Now you can begin experimenting to find interesting weighting factors.

  • Find a set of weights that drops Harvard as far down as you can while ensuring that Princeton is in first place. Copy the weights into B17:I17.
  • In the interests of fairness, find a set of weights that drops Princeton as far down as you can while putting Harvard in first place. Copy them into B18:I18.
  • Find a set of weights that raises Dartmouth as high up as you can manage. Copy them into B19:I19.

Give this a decent effort, not just the first obvious thing that happens to make a change. You should also experiment with Excel's sorting capabilities here; at the end, you should be able to sort the schools by any combination of factors, for example, by decreasing reputation score and within that by increasing acceptance rate.


Part 5: Submitting your Work

At this point you should have a workbook with five sheets: Power2, Rule72, GPA, Majors, Rank. Check through them to make sure they look right.

Be sure to save your work as lab4.xlsx somewhere safe. This is your backup in case something goes wrong with the submission or your computer. You could mail a copy of lab4.xlsx to yourself, as another backup.

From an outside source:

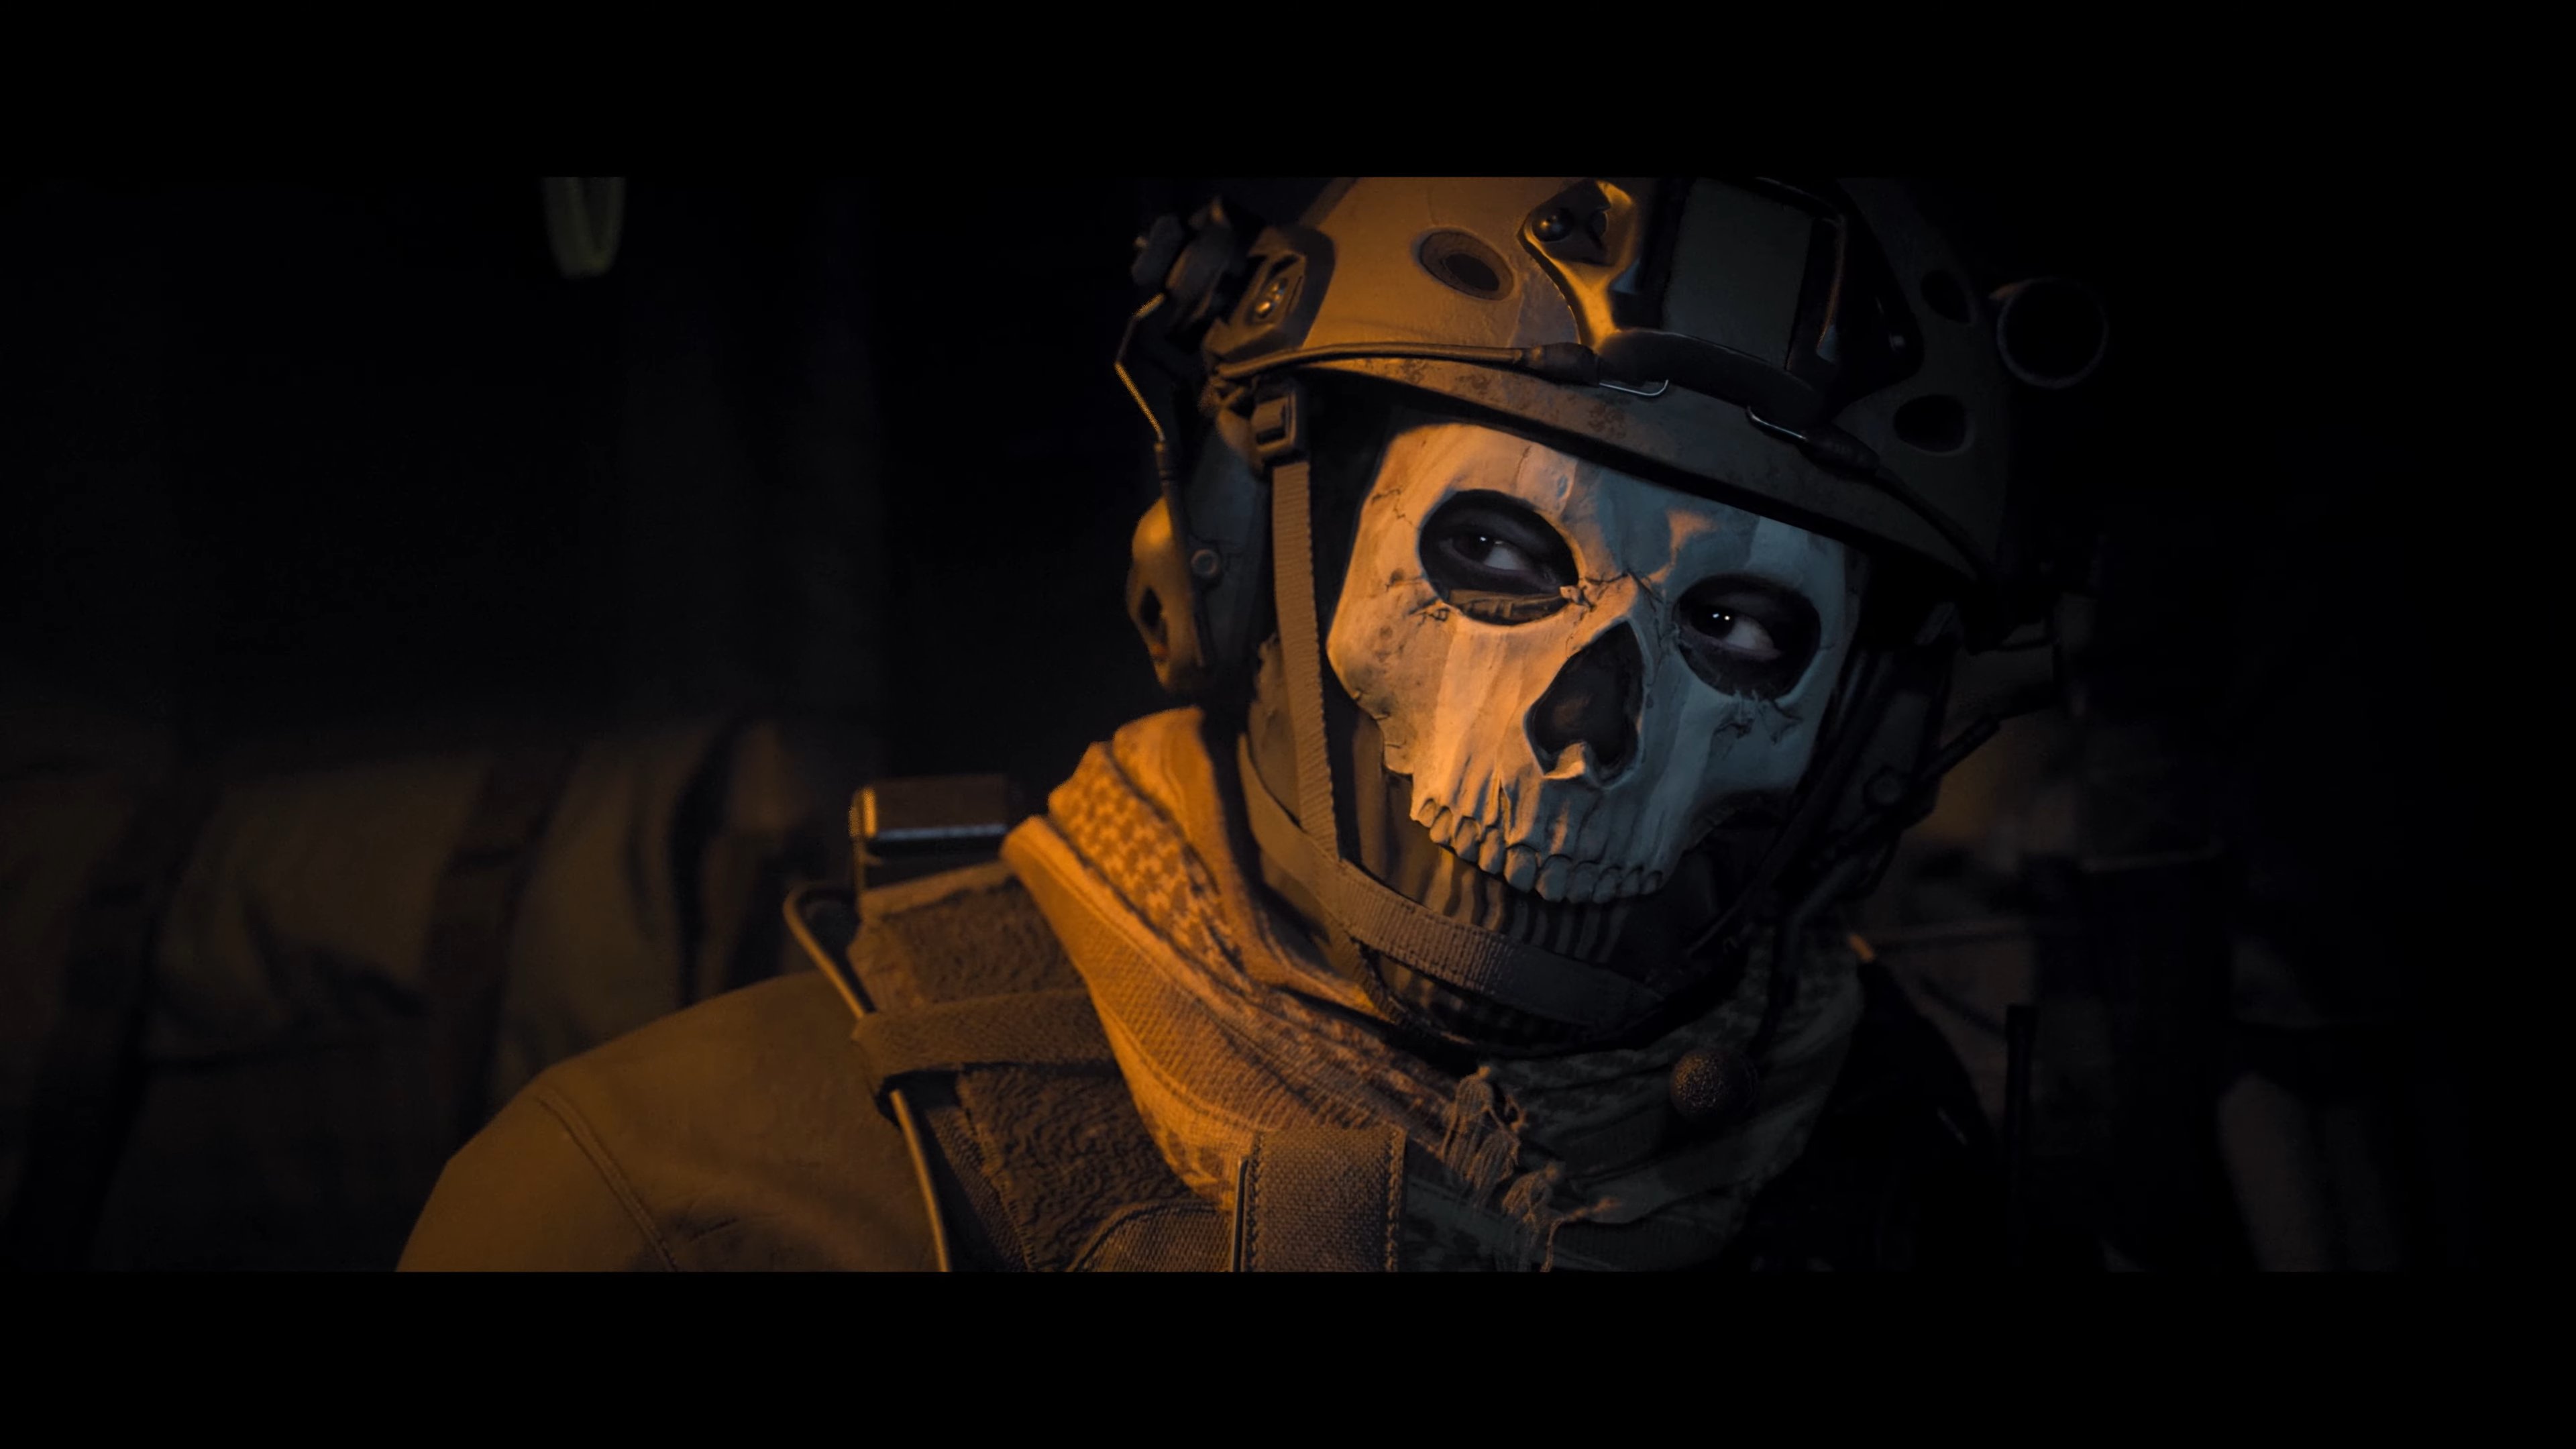 Call of Duty: Ghosts Benchmarked -  Reviews
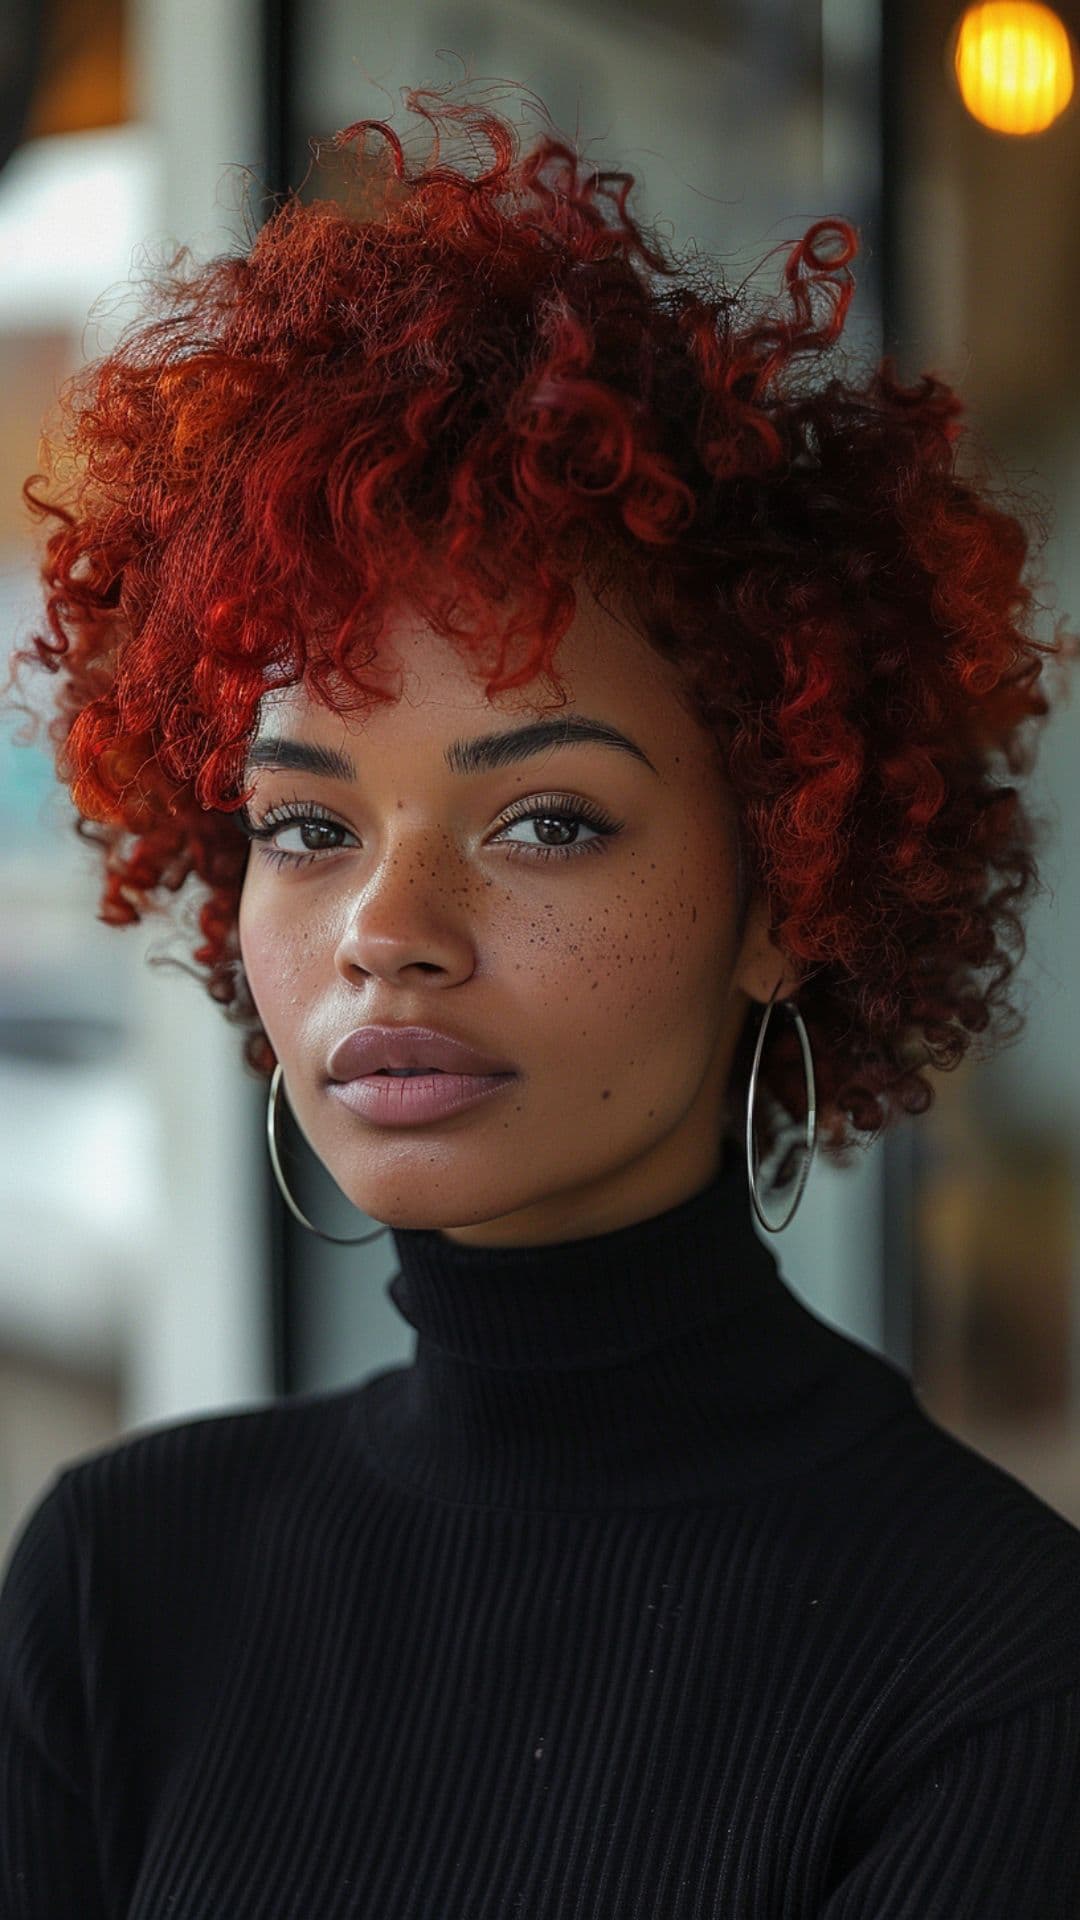 A black woman modelling a bright red afro hair.

Make sure that it arrives OK, that the attachment is about the right size, etc.

If you used Google Sheets or another Excel alternative, convert your spreadsheet into Excel's .xlsx format. Make sure that it is named lab4.xlsx before you upload it to Gradescope.

When everything is working, then upload lab4.xlsx to Gradescope for Lab4. Do not put this lab on cPanel.

 

Comment on Hacker News, August 2022: "Excel is a glorious tool which welcomes all, the savvy and the unskilled but imaginative newbies alike. There is something about all those little cells that presents an itch everyone wants to scratch, and you just know that for some, that scratching is going to produce something akin to a spreadsheet version of gangrenous melanoma."